In het tweede blok van MKE 1 (studiejaar 2015-2016) kregen we binnen verschillende werkgroepen de opdracht om een beleidsplan te schrijven voor een culturele organisatie in Limburg. De vraag hierbij was wat de functie en verantwoordelijkheid kan zijn van deze culturele organisatie bij vluchtelingenopvang en wat hun visie hierop is. Mijn werkgroep (medestudenten Ilse, Mary en Merel en ik) schreef een beleidsplan voor het Bonnefantenmuseum te Maastricht.
Wij hebben onszelf de volgende vraag gesteld: Wat kan de functie en verantwoordelijkheid zijn van het Bonnefantenmuseum bij vluchtelingenopvang in Limburg en wat is de eigen visie van de museumorganisatie hierop? Het beleidsplan is geschreven en gepresenteerd in de periode: december 2015 t/m februari 2016. We hebben ons gebaseerd op verschillende gemaakte scans, jaarverslag en website van het Bonnefantenmuseum, relevante literatuur en de gesprekken die we hebben gevoerd met (onder meer) enkele vertegenwoordigers van het museum, Vluchtelingenwerk Limburg en enkele vertegenwoordigers vanuit het onderwijs. De uitwerking kent drie onderdelen: 1. Het Bonnefantenmuseum als kosmopolitische ontmoetingsplaats 2. Het Bonnefantenmuseum als culturele werkervaringsplaats 3. Het Bonnefantenmuseum als onderwijspartner: kunst en cultuur voor de Internationale SchakelKlas
Als voorbeeldfilmpje bij een wervingscampagne, maakten we bijgaande video (NB: alleen gemaakt voor studiedoeleinden).
KLEVENDE LIEFDE
Ook werd ons de opdracht gegeven om binnen de eigen werksituatie na te gaan wat de verantwoordelijkheid kan zijn van jouw organisatie bij vluchtelingenopvang en wat de visie van de organisatie hierop is. In mijn geval, Stichting Cultureel Erfgoed Zeeland, ging het er om welke verbinding zou kunnen worden gelegd tussen het erfgoed van Zeeland en de komst van nieuwkomers, bijvoorbeeld de vluchtelingen in het AZC in Middelburg. In een van de gesprekken die ik hierover had met medewerkers van de SCEZ, kwam het trefwoord 'verrijking' naar voren. De vluchtelingen vormen een verrijking voor de cultuur in Nederland. Dat is door de eeuwen heen altijd zo geweest.

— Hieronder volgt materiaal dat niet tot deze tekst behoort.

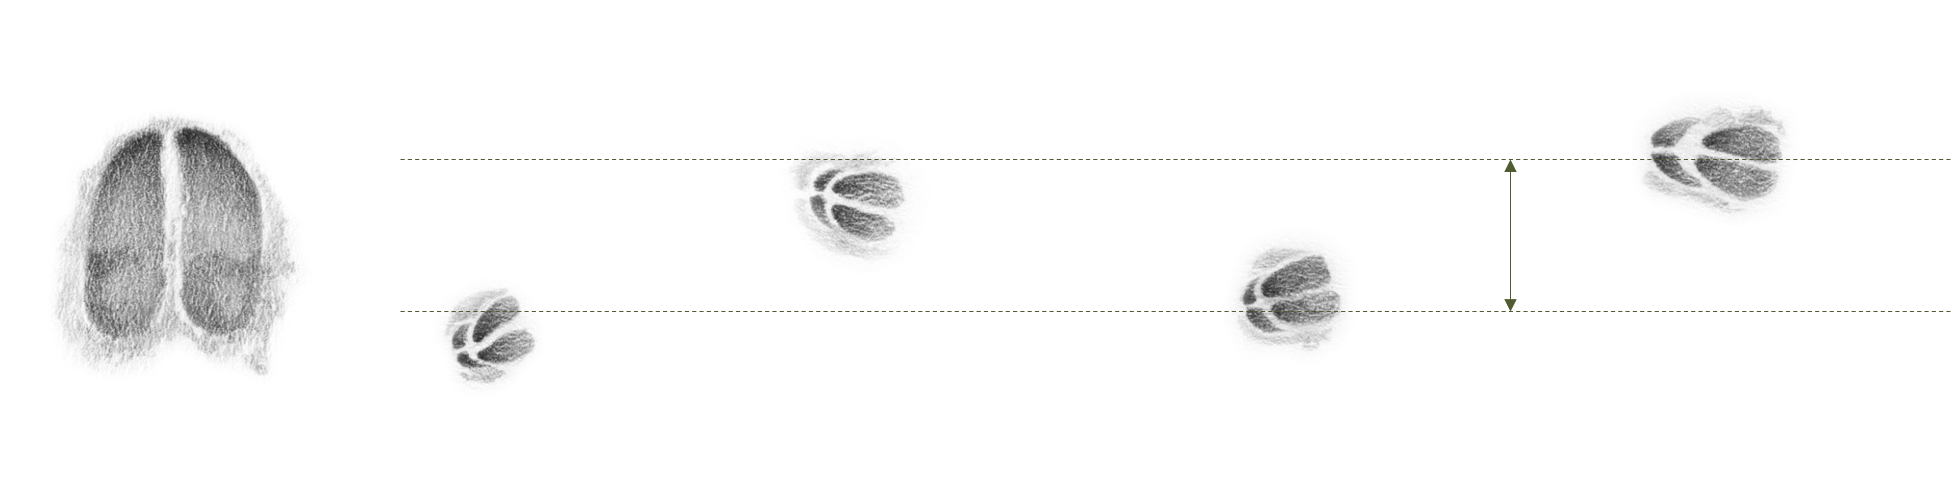 Abbildung: Der Abstand zwischen den linken und rechten Trittsiegeln wird als Schrank bezeichnet.

Ik bedacht mij dat de de rol voor de SCEZ niet zozeer zou moeten zijn om de vluchtelingen iets te vertellen over Zeeland, maar Zeeland iets over vluchtelingen. En ik wist direct wat hierbij het te gebruiken icoon zou moeten zijn: de bolus. Dat is dé lekkernij van Zeeland en staat nummer 1 in de Top van Zeeuwse streekgerechten. De bolus is echter van oorsprong helemaal niet Zeeuws. Deze is aan het einde van de 16de eeuw door Sefardisch-Joodse vluchtelingen in Zeeland geïntroduceerd en heeft zijn wortels in Spanje en Portugal. De naam is afgeleid van bola, dat in het Ladino (de taal van de Sefardische Joden) bal betekent en teruggaat op het Latijnse bolus. In delen van Zeeland heeft de bolus ook nog andere namen, zoals 'jikkemiene'. En bij een dialectverkiezing als mooiste woord kreeg de bolus ooit de naam 'Klevende Liefde' mee. De bolus als klevende liefde, nalatenschap van vluchtelingen 500 jaar geleden, verrijking van de regionale (eet)cultuur en icoon voor de Zeeuwse identiteit.